- [INPUT DATA]:
━━━━━━━━━━━━━━━━
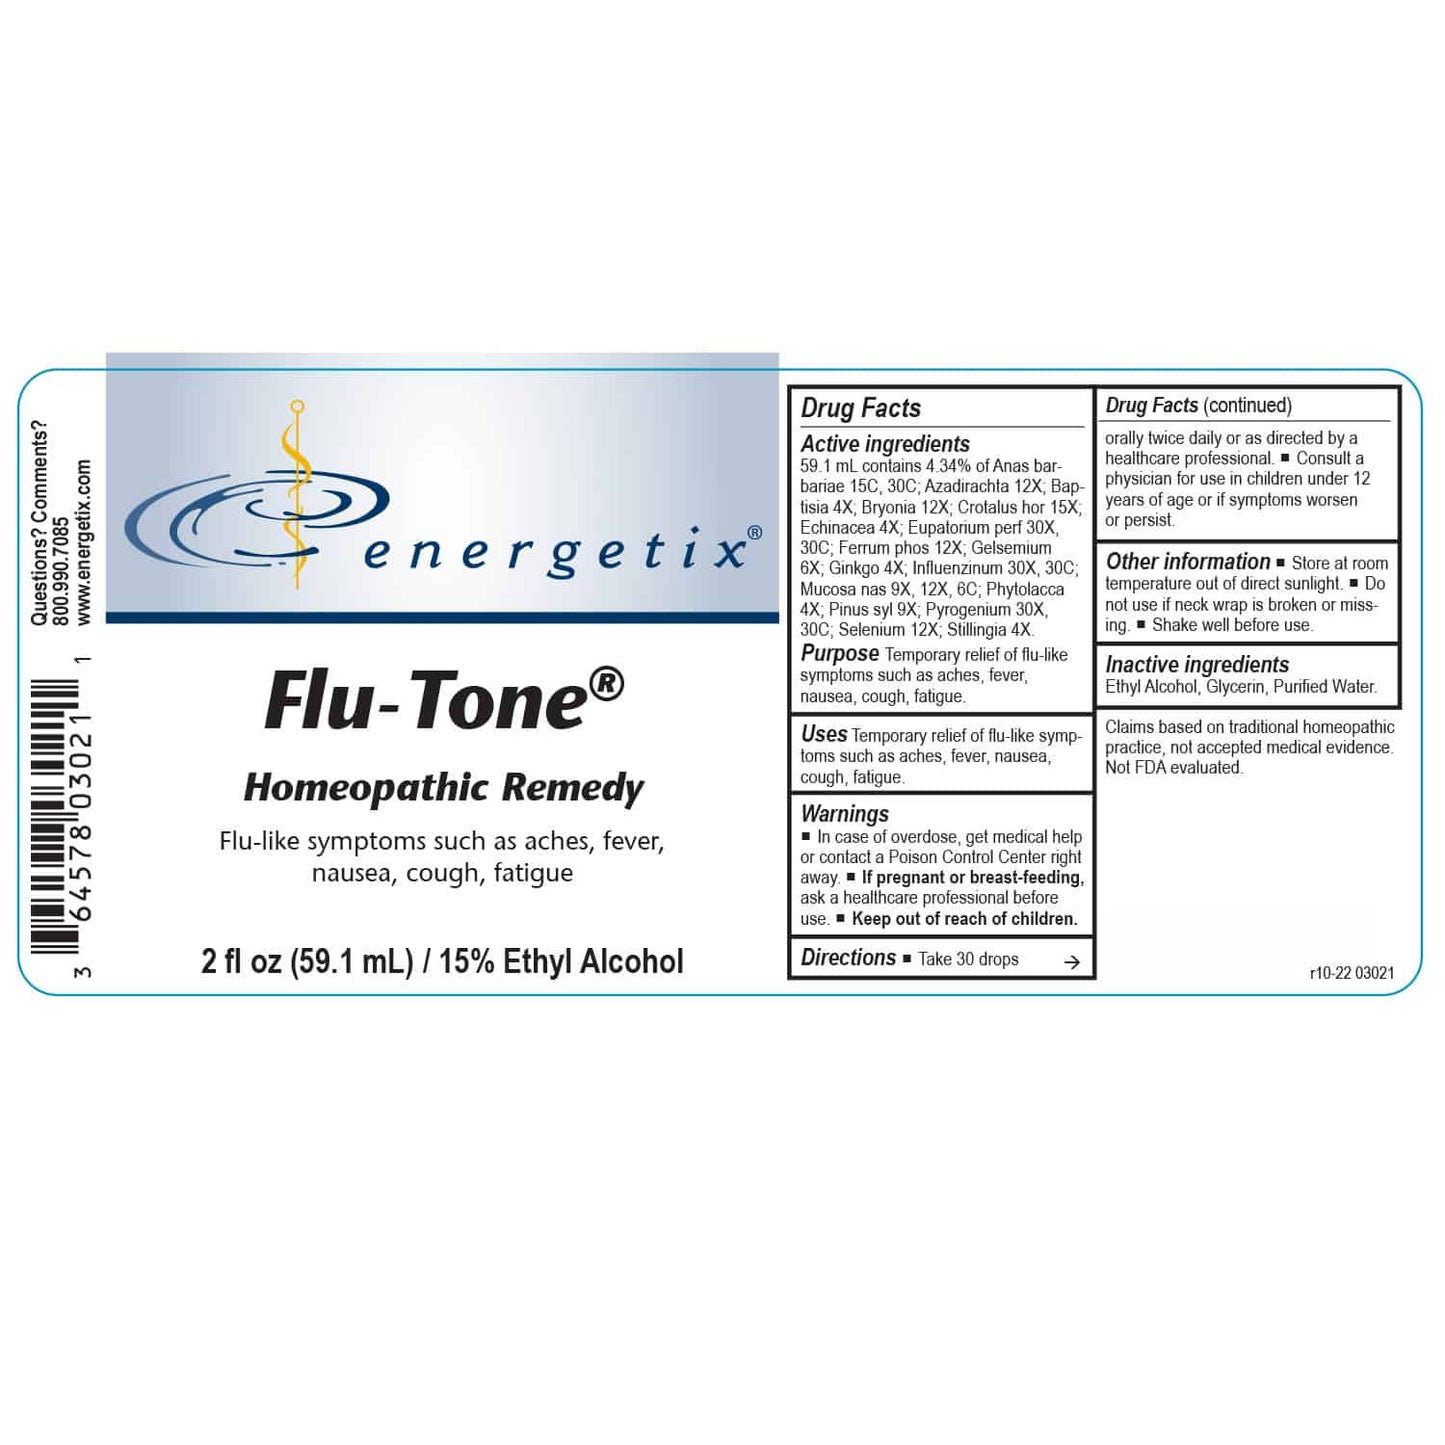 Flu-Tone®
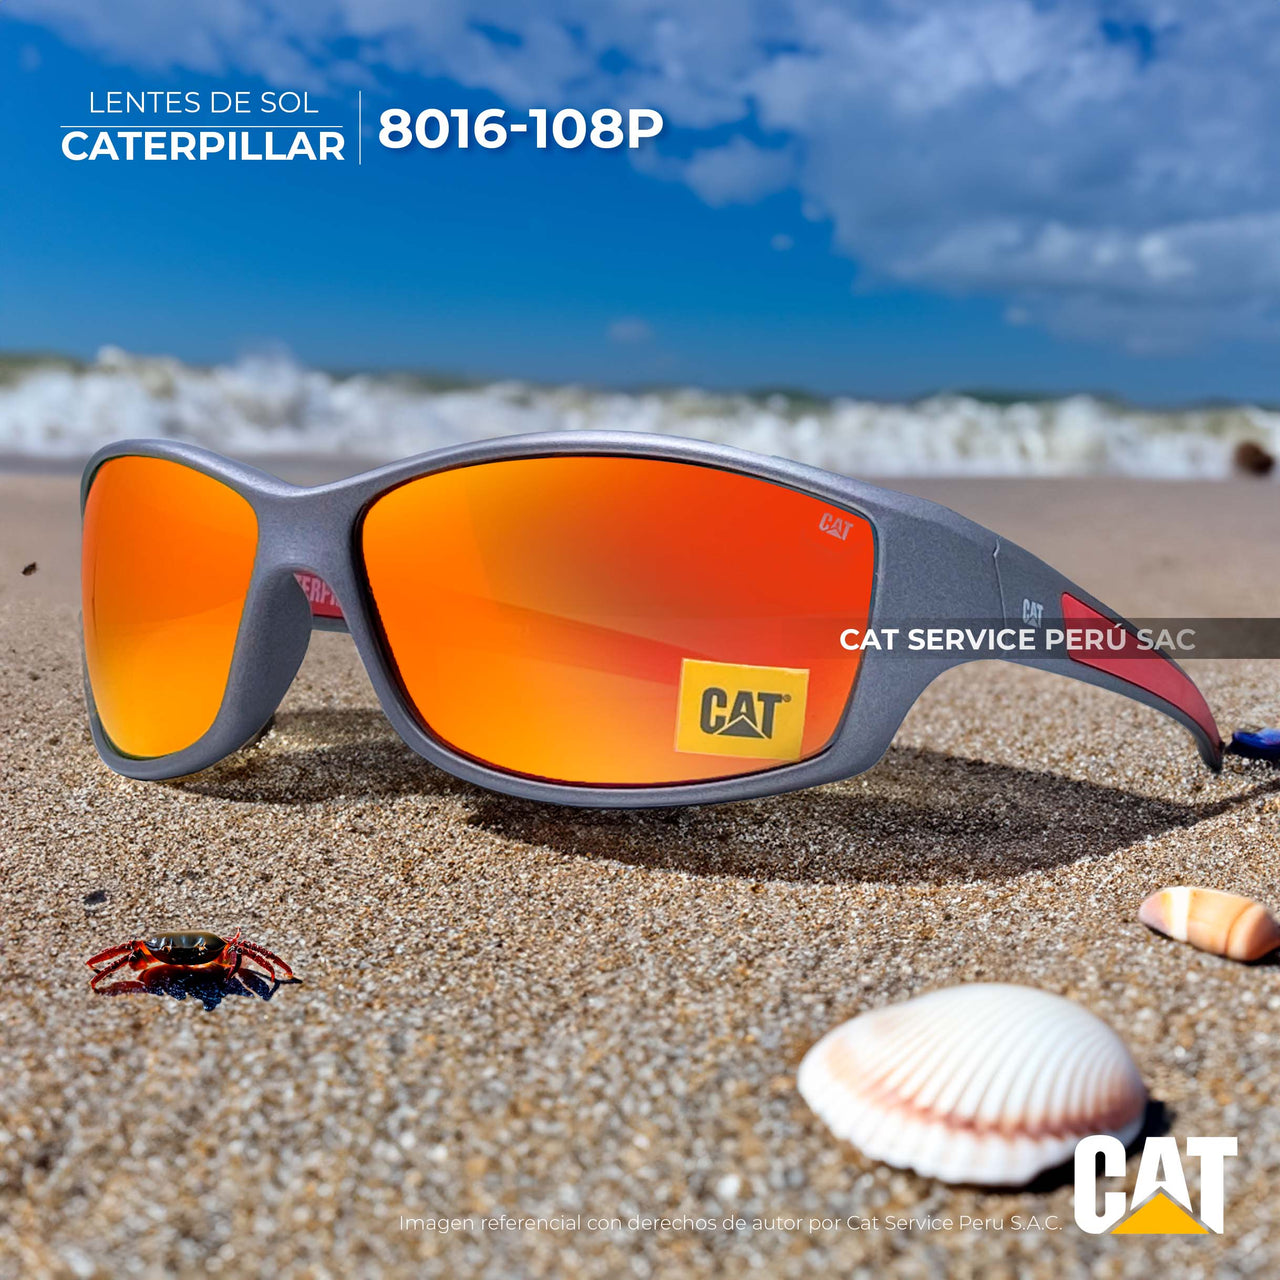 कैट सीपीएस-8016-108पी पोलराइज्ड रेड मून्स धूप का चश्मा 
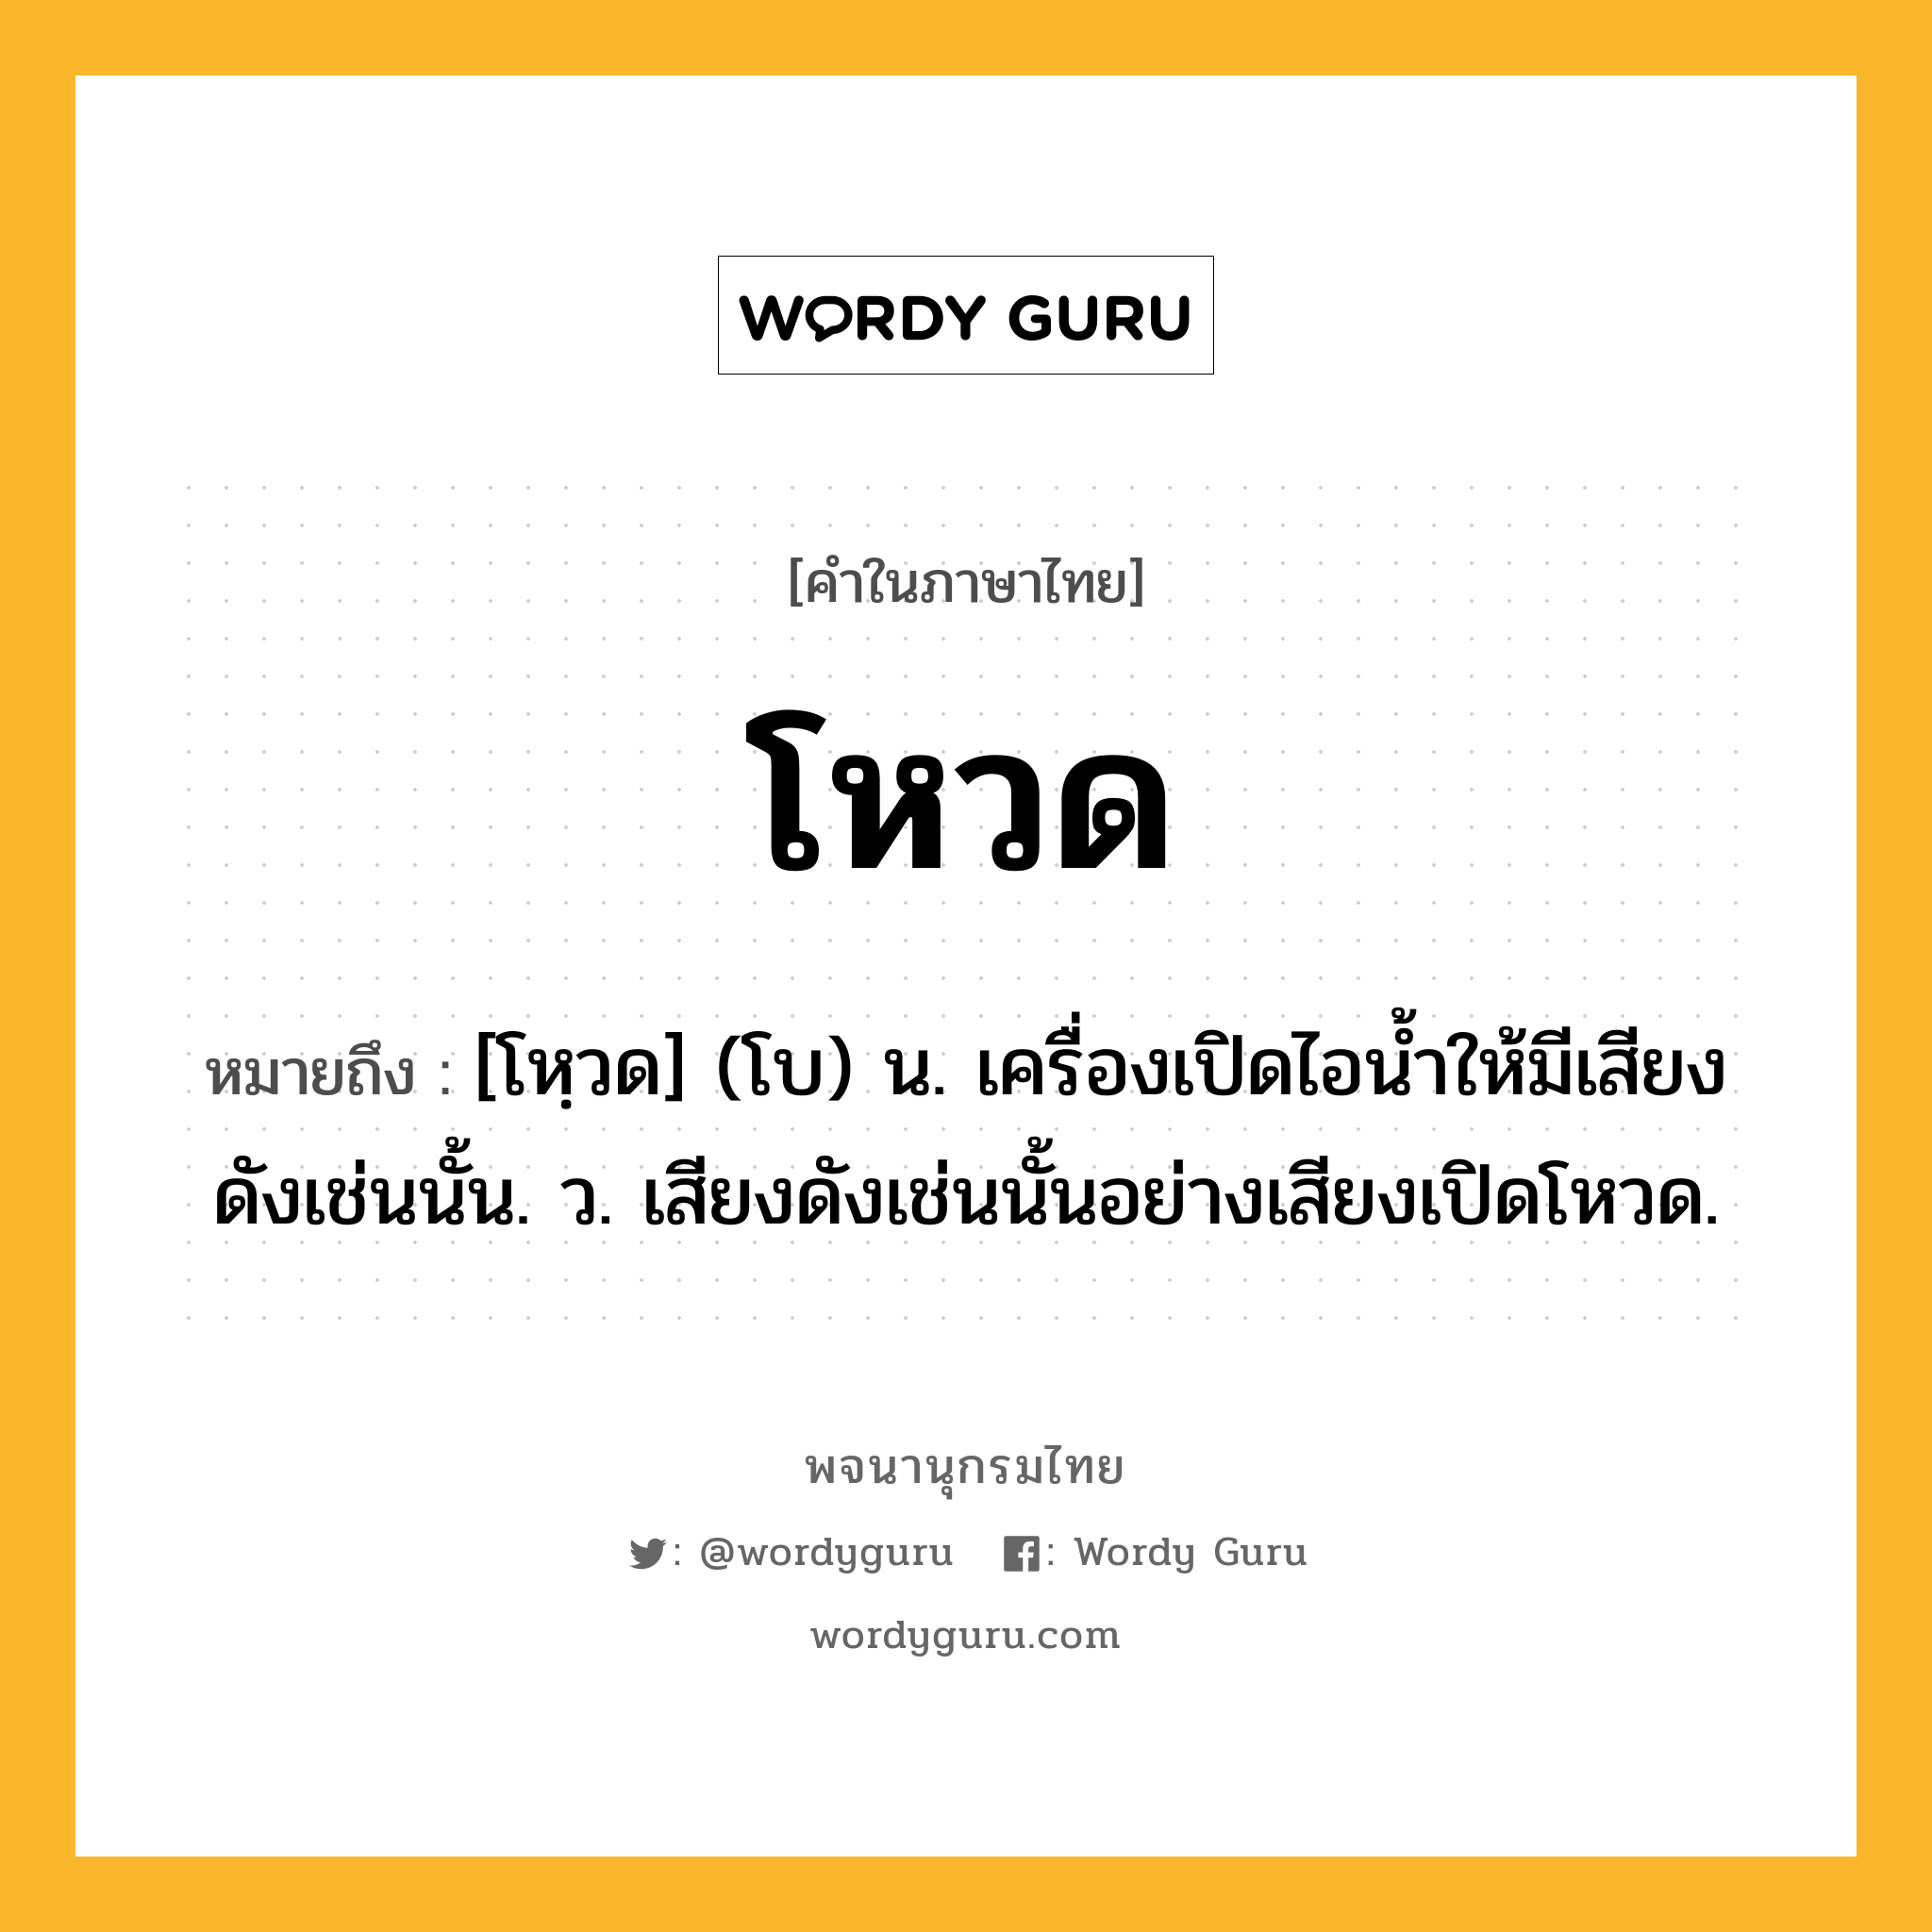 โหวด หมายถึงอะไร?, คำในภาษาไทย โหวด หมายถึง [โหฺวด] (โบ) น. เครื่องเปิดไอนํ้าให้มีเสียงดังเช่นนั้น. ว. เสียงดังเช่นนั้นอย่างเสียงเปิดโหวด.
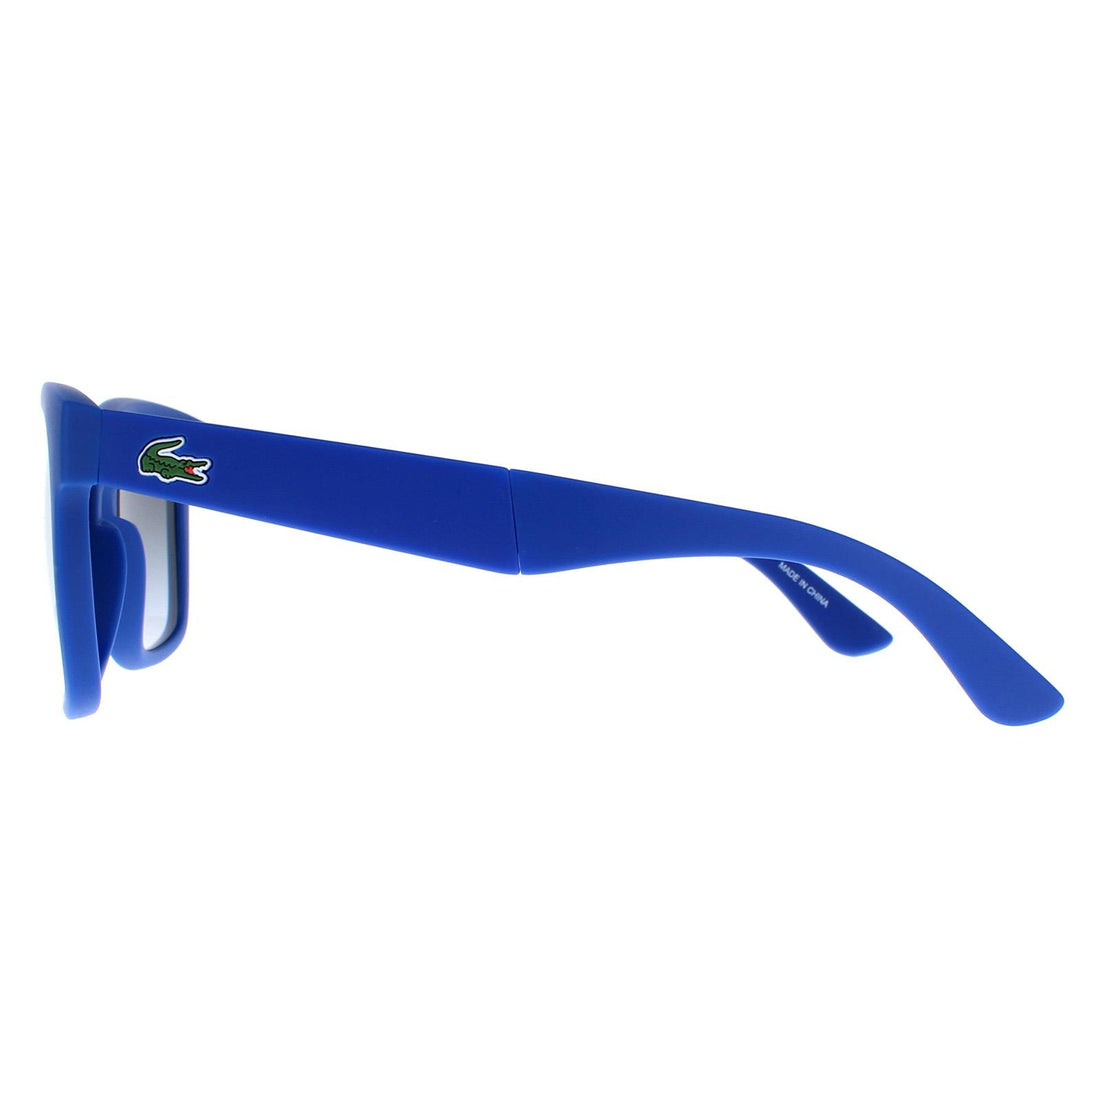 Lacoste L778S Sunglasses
━━━━━━━━━━━━━━━━
- [REQUIRED ACTION]: The whole listing above, minus its pictures, is what you should write out word for word.

- [ANSWER TO THE EXERCISE]:
 Flu-Tone®
 कैट सीपीएस-8016-108पी पोलराइज्ड रेड मून्स धूप का चश्मा 
 โหวด หมายถึงอะไร?, คำในภาษาไทย โหวด หมายถึง [โหฺวด] (โบ) น. เครื่องเปิดไอนํ้าให้มีเสียงดังเช่นนั้น. ว. เสียงดังเช่นนั้นอย่างเสียงเปิดโหวด.
 Lacoste L778S Sunglasses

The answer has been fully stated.